Exercise data:
..............................

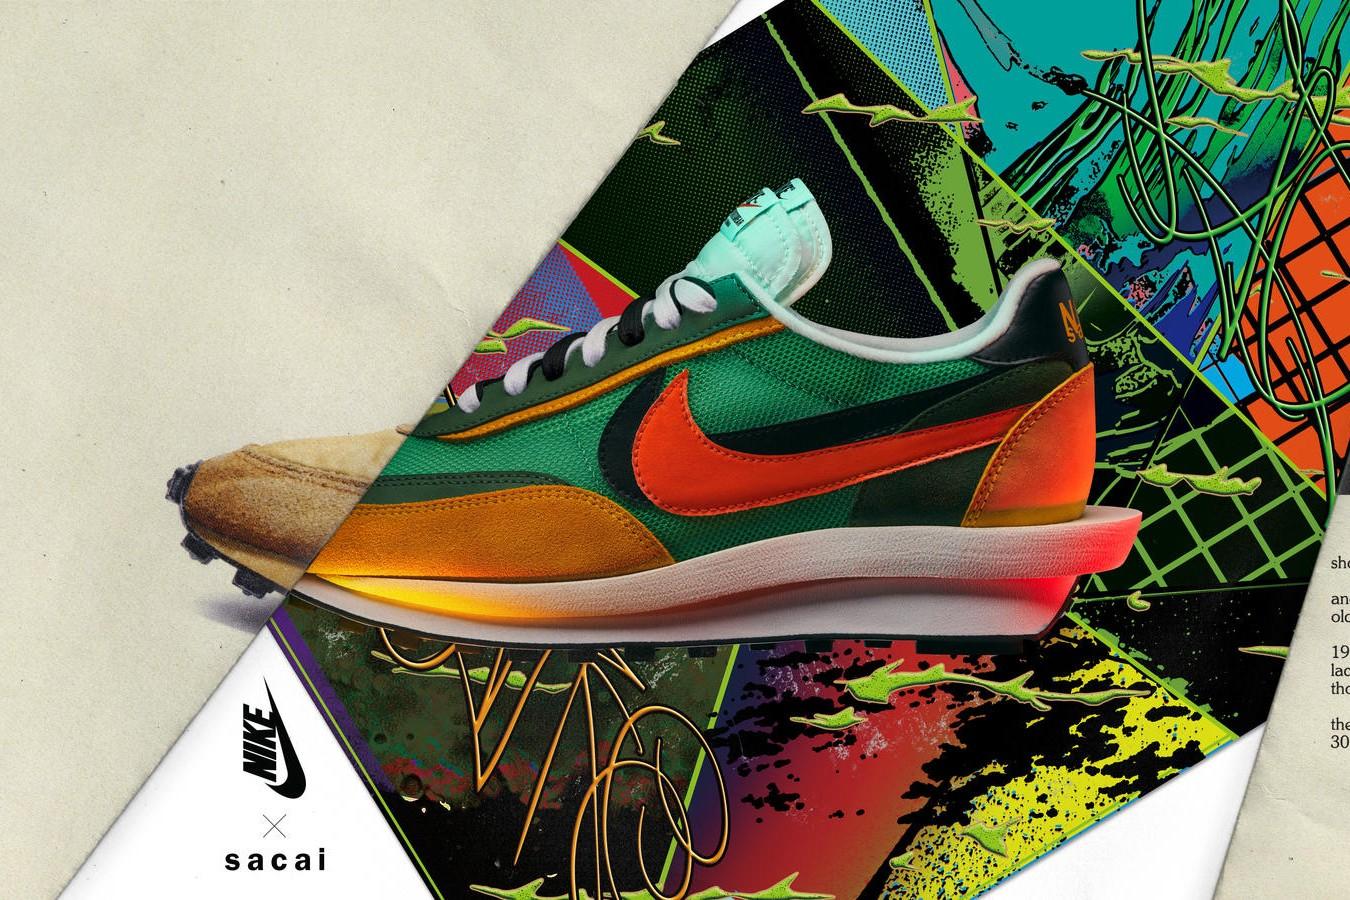 Où acheter les sneakers de la collaboration sacai x Nike
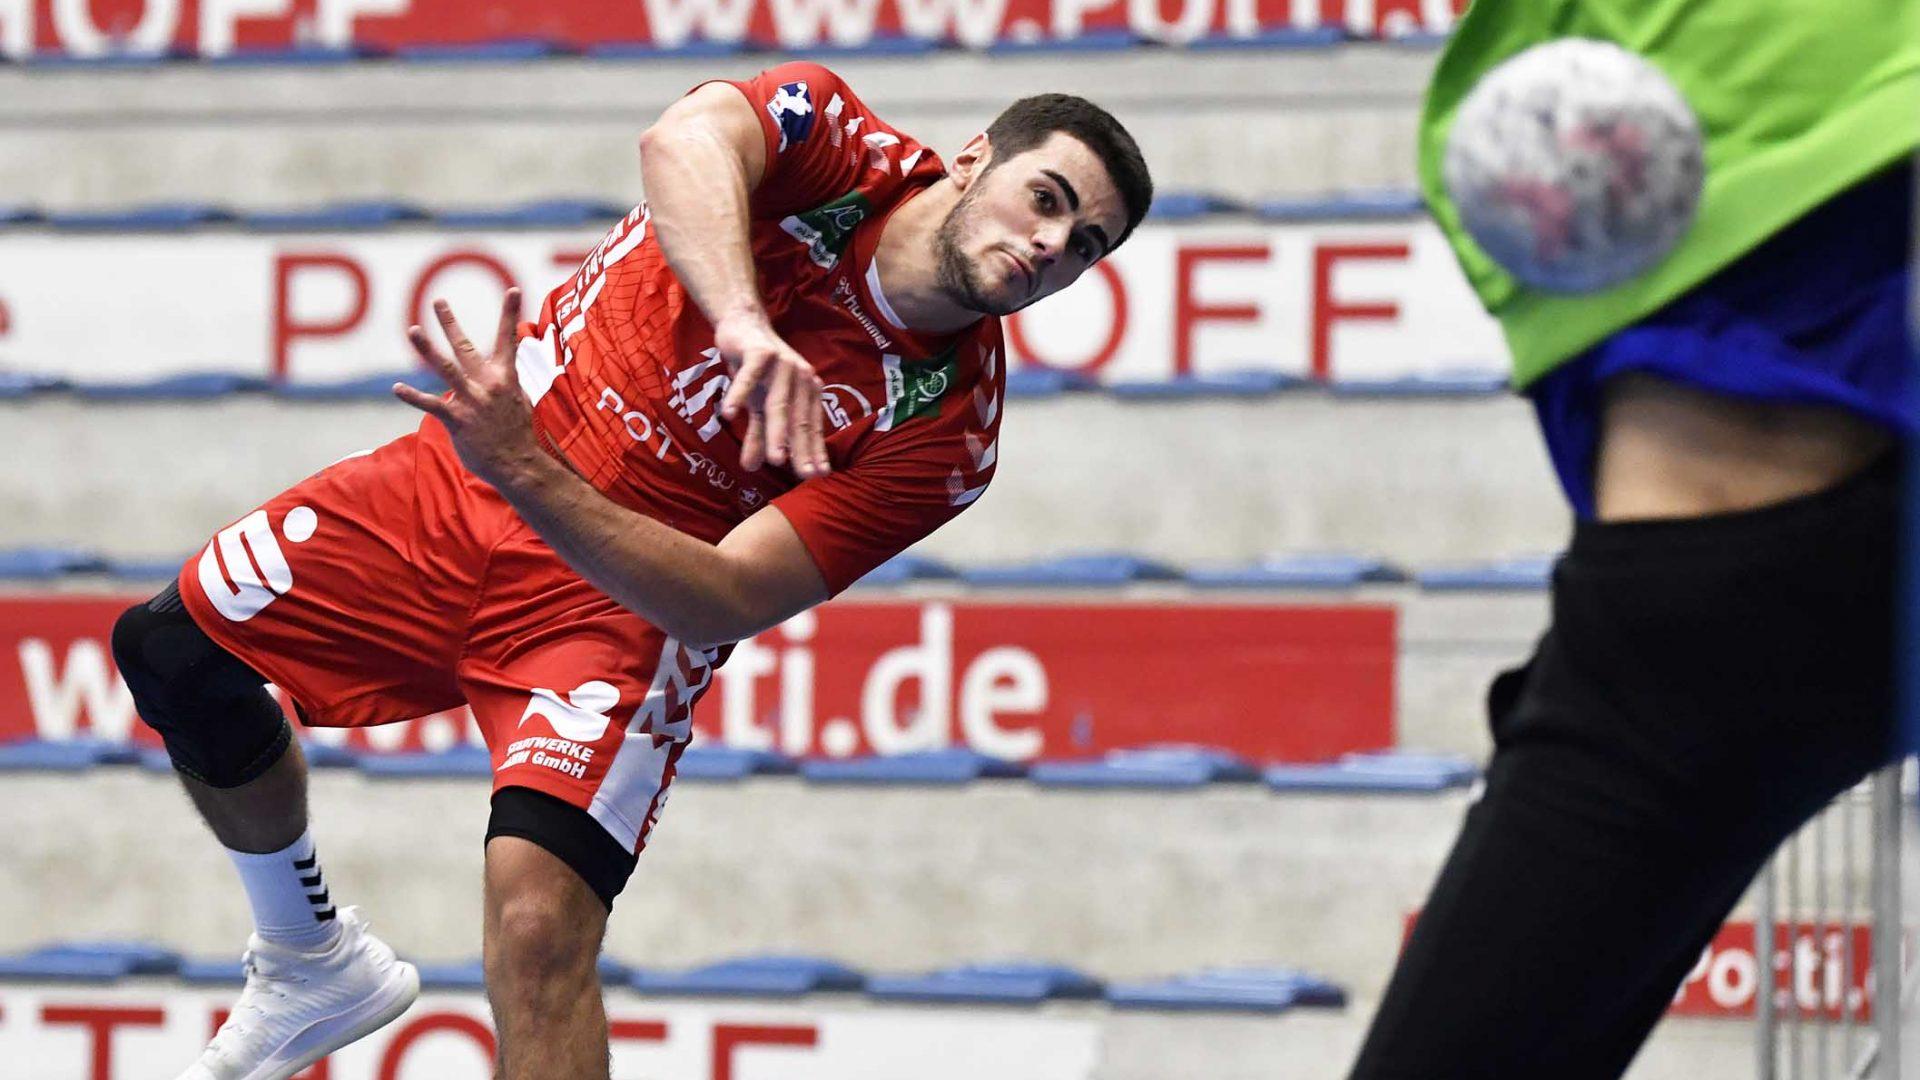 Handball ASV Hamm-Hildesheim Alex Rubino
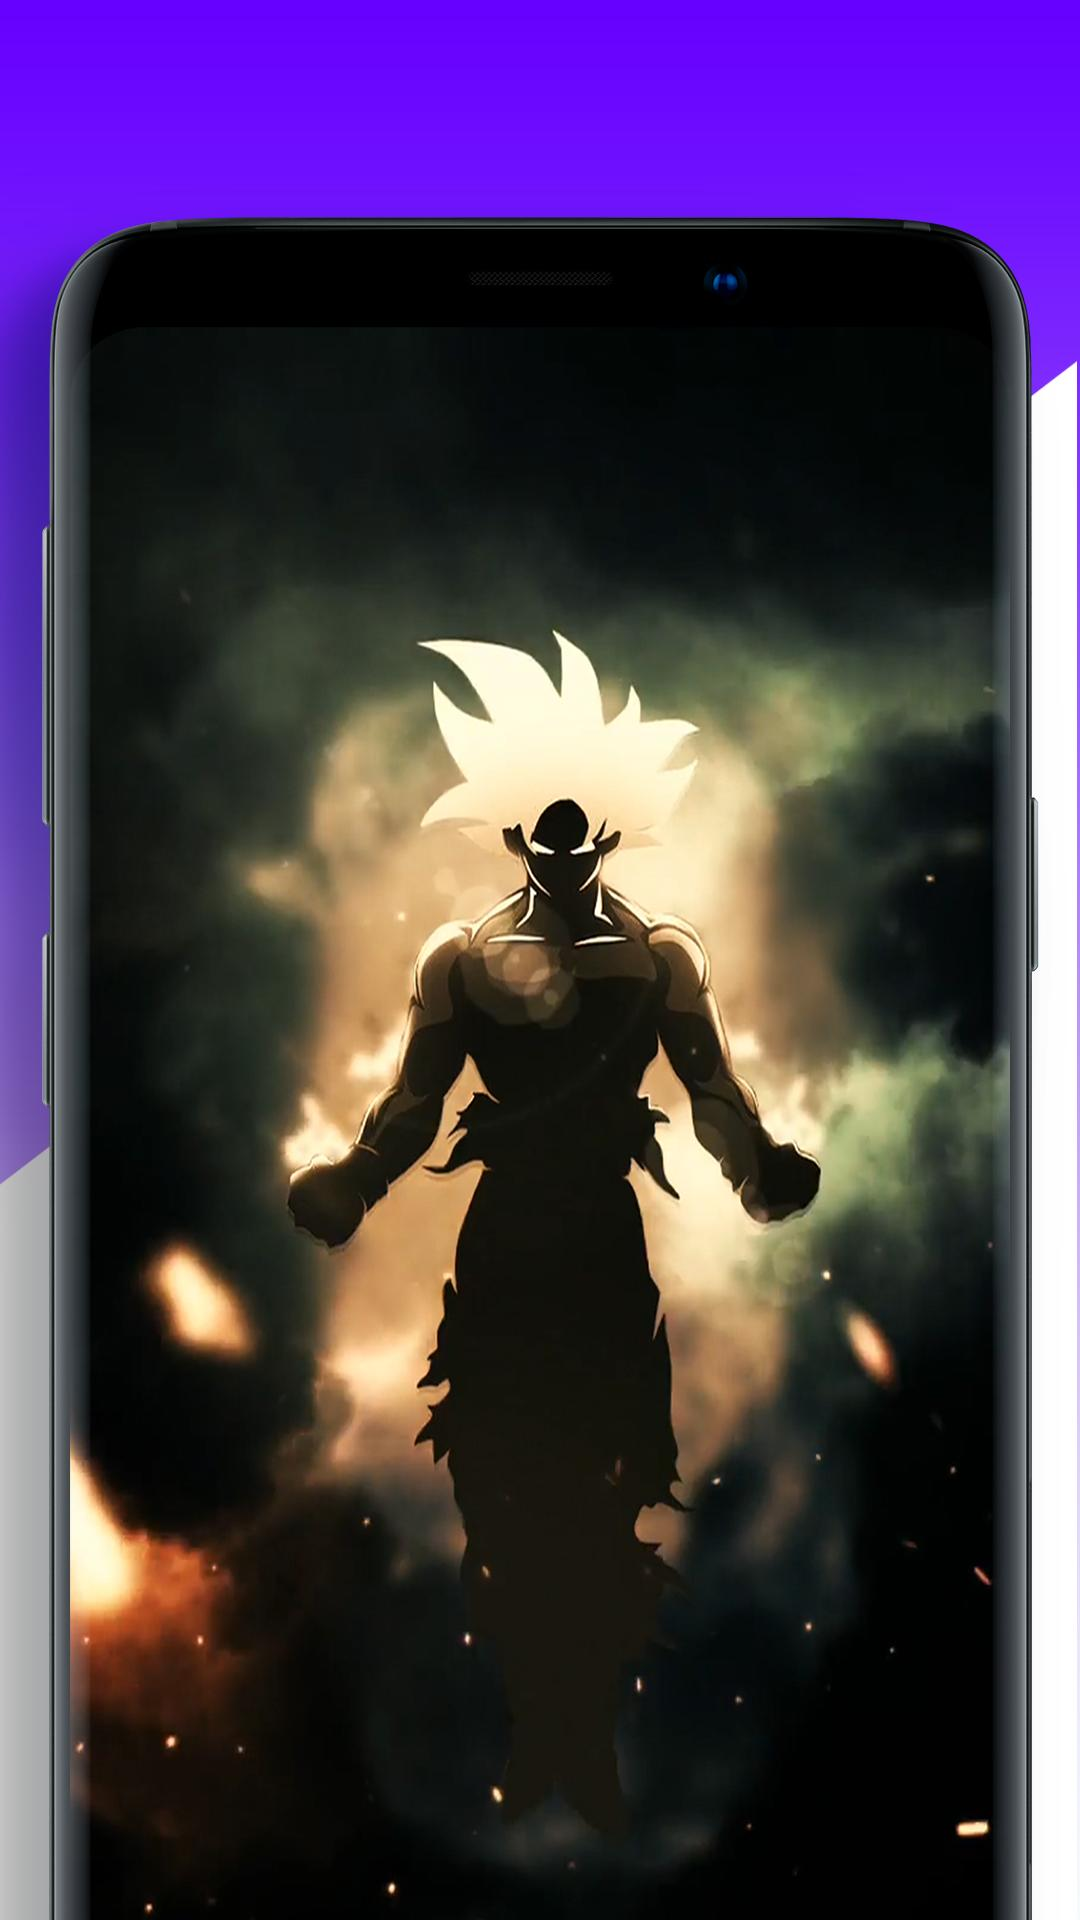 Dbz Anime Live Wallpaper Goku Hd Video Animation For
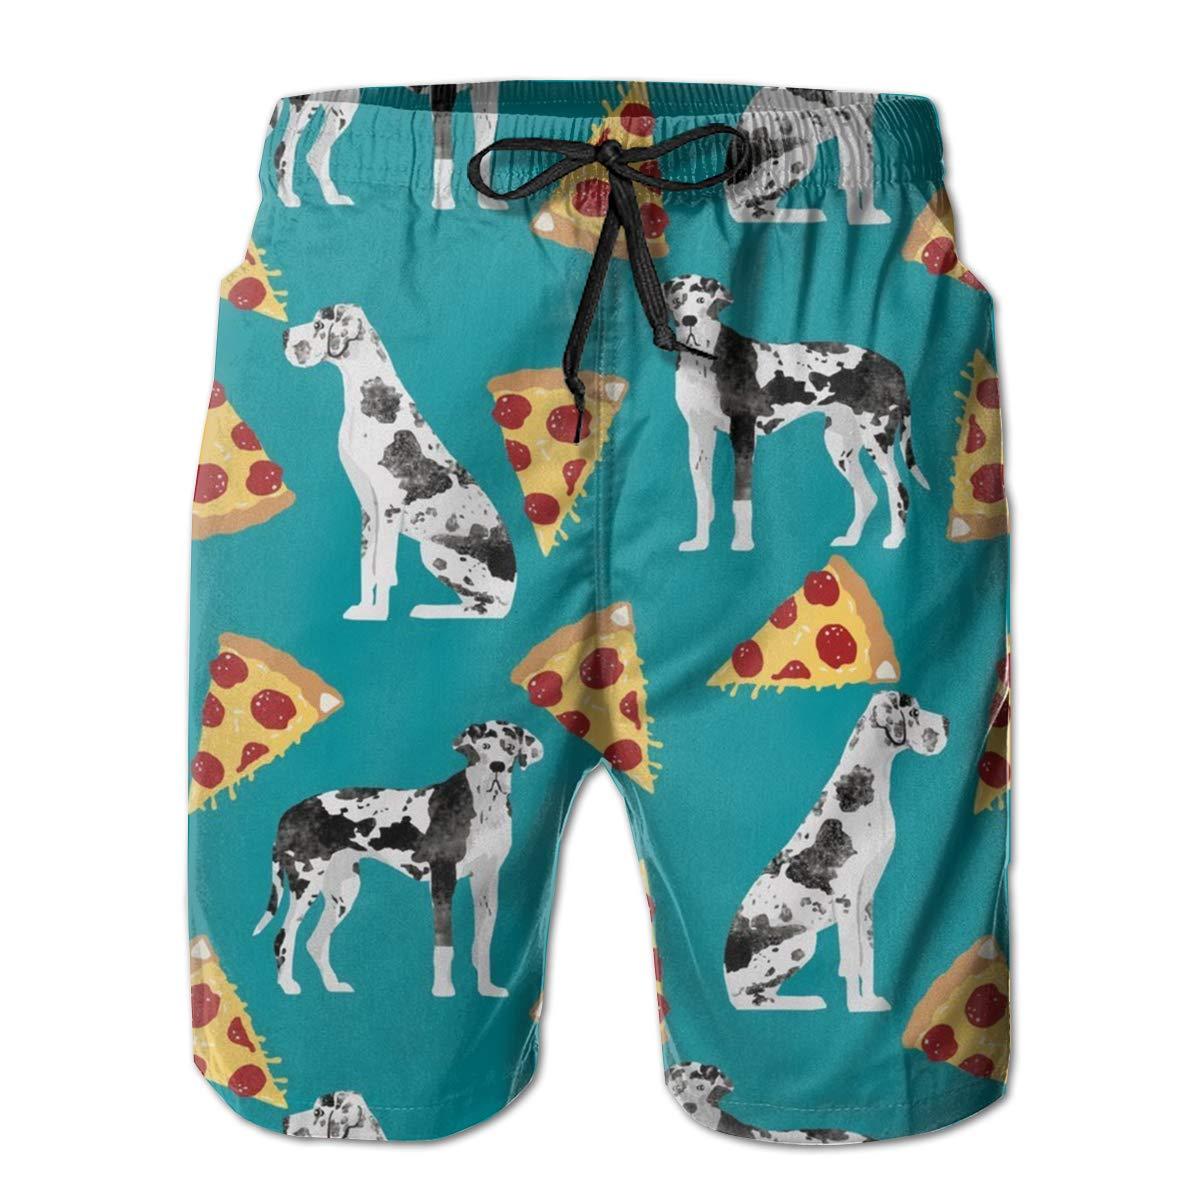 Loose Underwear FANTASY SPACE Extreme Comfort Cargo Short Big /&Tall Board Shorts for Men Boy

..............................

Task description: Every line of the listing is to be retyped exactly; pictures stay out.

Output of the task:
 Où acheter les sneakers de la collaboration sacai x Nike
 Handball ASV Hamm-Hildesheim Alex Rubino
 Dbz Anime Live Wallpaper Goku Hd Video Animation For
 Loose Underwear FANTASY SPACE Extreme Comfort Cargo Short Big /&Tall Board Shorts for Men Boy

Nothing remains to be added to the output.